California Gov. Gavin Newsom joins New York Times correspondent David Gelles on stage at Climate Week, where he announced he would sign a pair of recently passed bills that mandate climate disclosure from large companies operating in the state. (Image: The Climate Group/Flickr)
World leaders, business executives and activists are back in New York City for Climate Week and the United Nations General Assembly — and everybody's talking about California.
In case you missed it: Last week California legislators approved a pair of bills that require all large public and private companies operating in the state to disclose their greenhouse gas emissions to investors and the public.

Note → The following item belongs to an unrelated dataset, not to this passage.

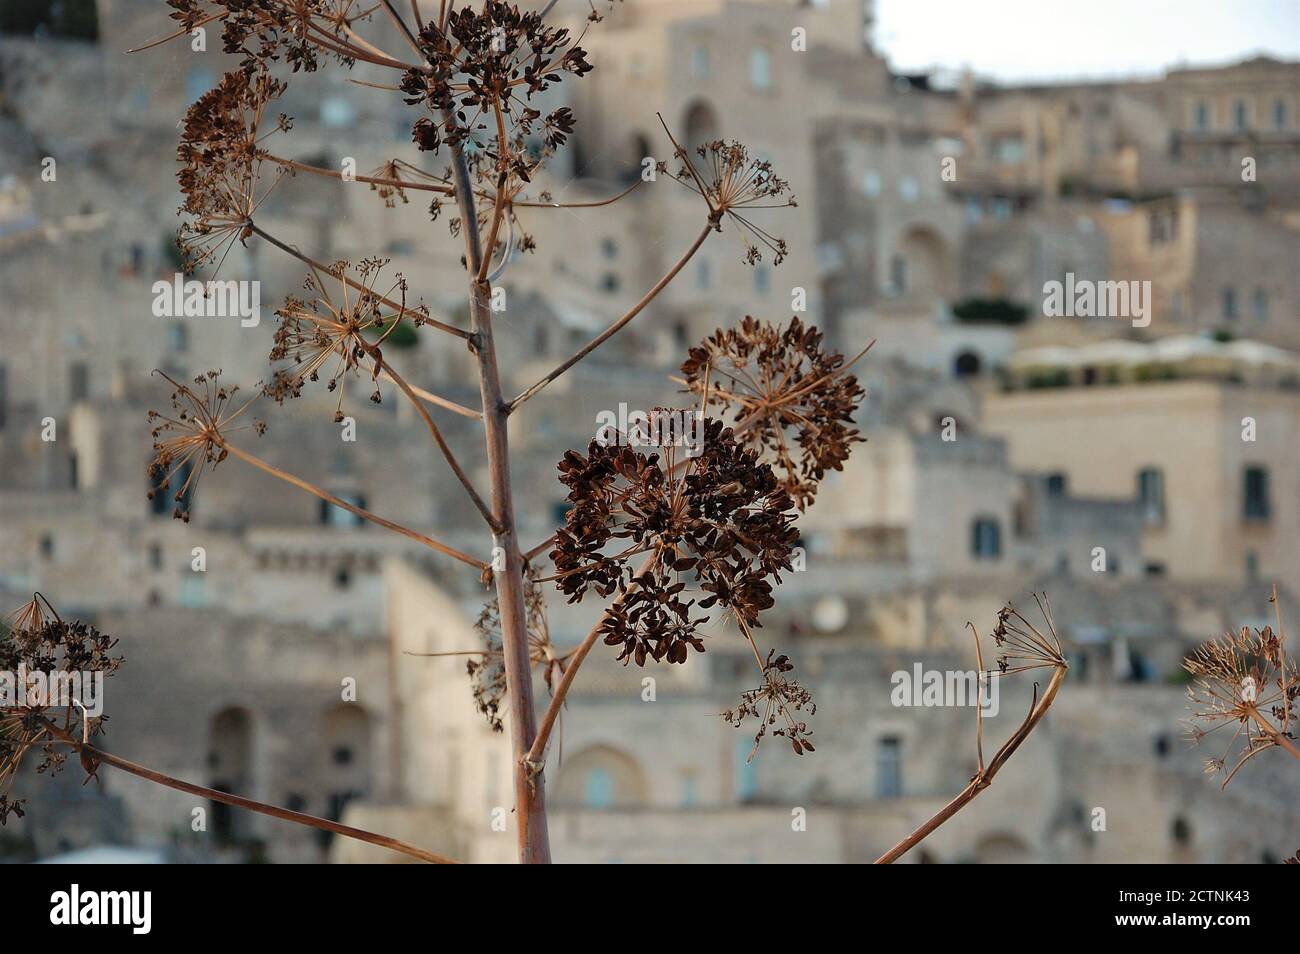 Título emocional del sitio de la UNESCO Sassi de Matera paisaje urbano y flores silvestres de color marrón seco en primer plano Foto de stock

Business leaders organized by the sustainability nonprofit Ceres came out in support of the bill before it passed. They say their progress in tracking and disclosing the full scope of their emissions proves it's possible for other companies to do the same.
As lawmakers and business coalitions enjoy a victory lap at Climate Week, we're taking a closer look at the landmark legislation and the ripple effects it could send well outside the Golden State.
Why corporate climate disclosure matters
"There was a billion-dollar weather and climate disaster event every four months in our country in the 1980s. By 2010, there was one every three weeks," Mindy Lubber, CEO and president of Ceres, said at a press conference on Tuesday. "This year, we've experienced more than a billion-dollar event every two weeks."
Indeed, extreme weather cost the United States nearly $40 billion in the first eight months of 2023 alone. But the impacts these disasters and other climate disruptions have on corporate bottom lines is less understood, because many companies don't calculate it. "People are operating in the dark," Lubber said. "I can tell you of the 700 investors we work with, they want to understand: What are the risks from climate [change], and what are the opportunities? They cannot make a decision about building a portfolio without adequate information."
In 2022 surveys, 70 percent of U.S. investors said they would support mandatory climate disclosure in the U.S.
What the California climate disclosure rules require
The two recently passed bills — Senate Bill 253 (SB 253) and Senate Bill 261 (SB 261) — are on Gov. Gavin Newsom's desk, and he confirmed this week that he will sign them. The bills require the California Air Resources Board to develop rules that mandate public and private companies with annual revenues exceeding $1 billion to disclose their greenhouse gas emissions.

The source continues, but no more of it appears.